1970: Unfair advantage complaints
Although the season got off to a good start weather-wise, two vessels fishing out of Wedgeport, Yarmouth County, were swamped with water. The vessels lost their traps but there was no loss of life. One of the boats was towed to Harry’s Island where a bucket brigade of 20 fishermen helped to bail it out. Meanwhile, the federal fisheries minister had received complaints about auxiliary boats transporting traps to the fishing grounds. People complained that it was unfair since those who could afford to pay the hiring charges for larger boats could gain an advantage over the majority of the fishermen. Said minister Jack Davis: “Large boats, not registered as lobster vessels, are not allowed to engage in this practice.”

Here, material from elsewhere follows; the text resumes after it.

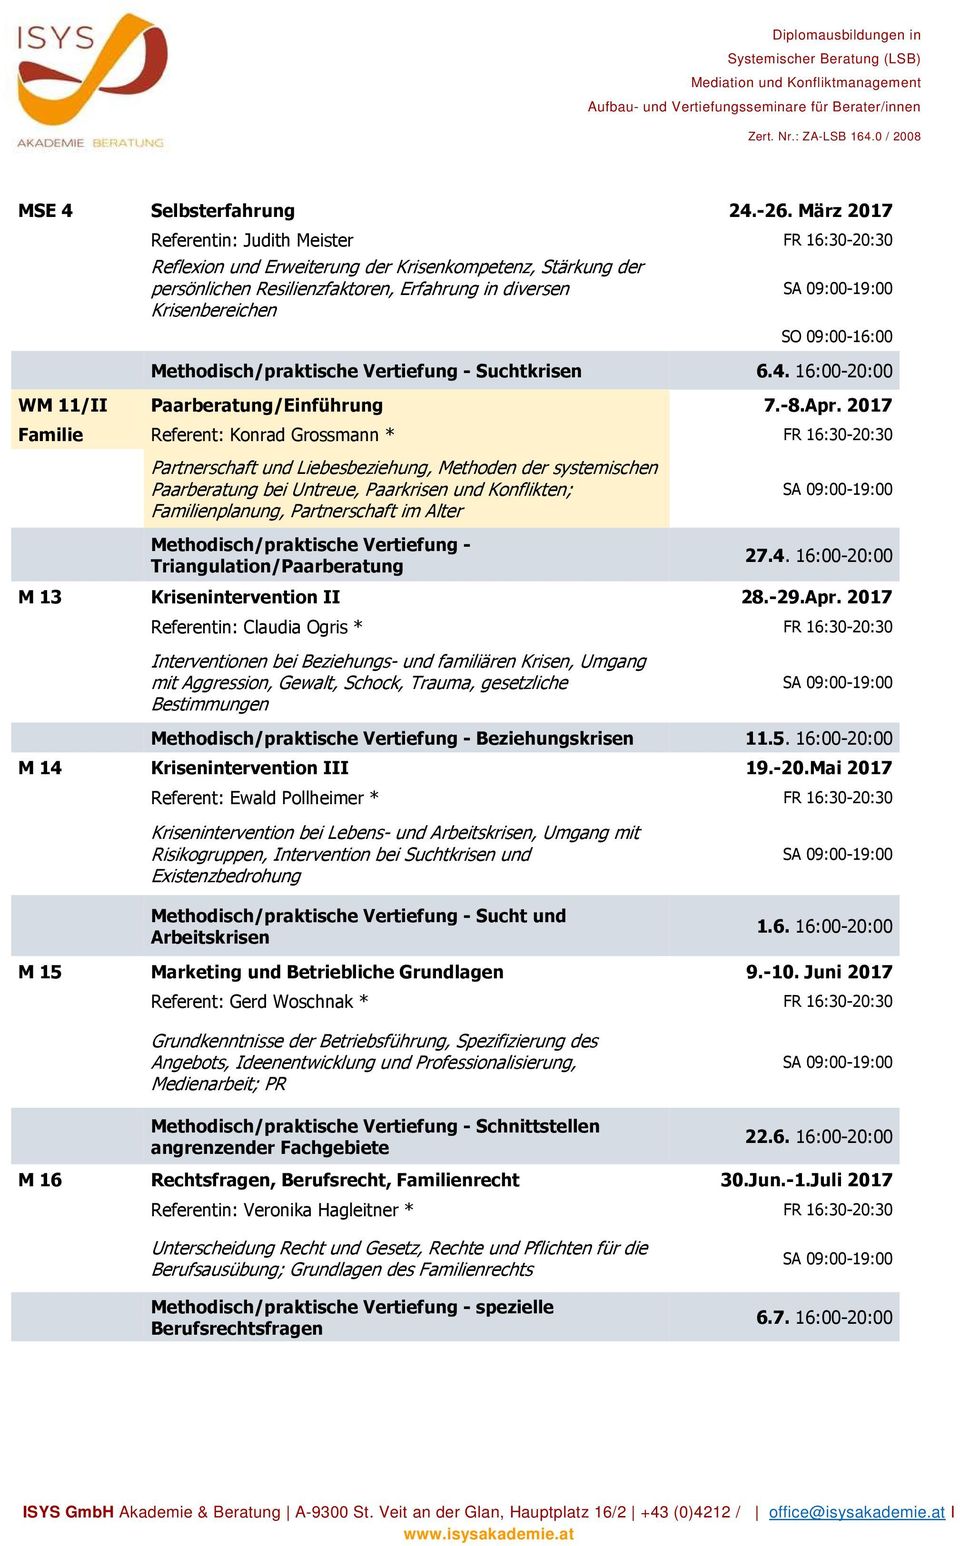 Methodisch/praktische Vertiefung - Suchtkrisen 6.4. 16:00-20:00 WM 11/II Paarberatung/Einführung 7.-8.Apr.

1966: Opening price 65 cents to $1
1966 saw beautiful opening day weather, with temperatures soaring above normal and calm seas. The opening day price was to be anywhere between 65 cents a pound and a dollar a pound. The opening price the previous year was said to be a “record-breaking” 90 cents a pound. The record breaking high before that was 65 cents a pound. You couldn’t be on a lobster boat without a fishing license. Not to worry, however, you could purchase one for just 25 cents!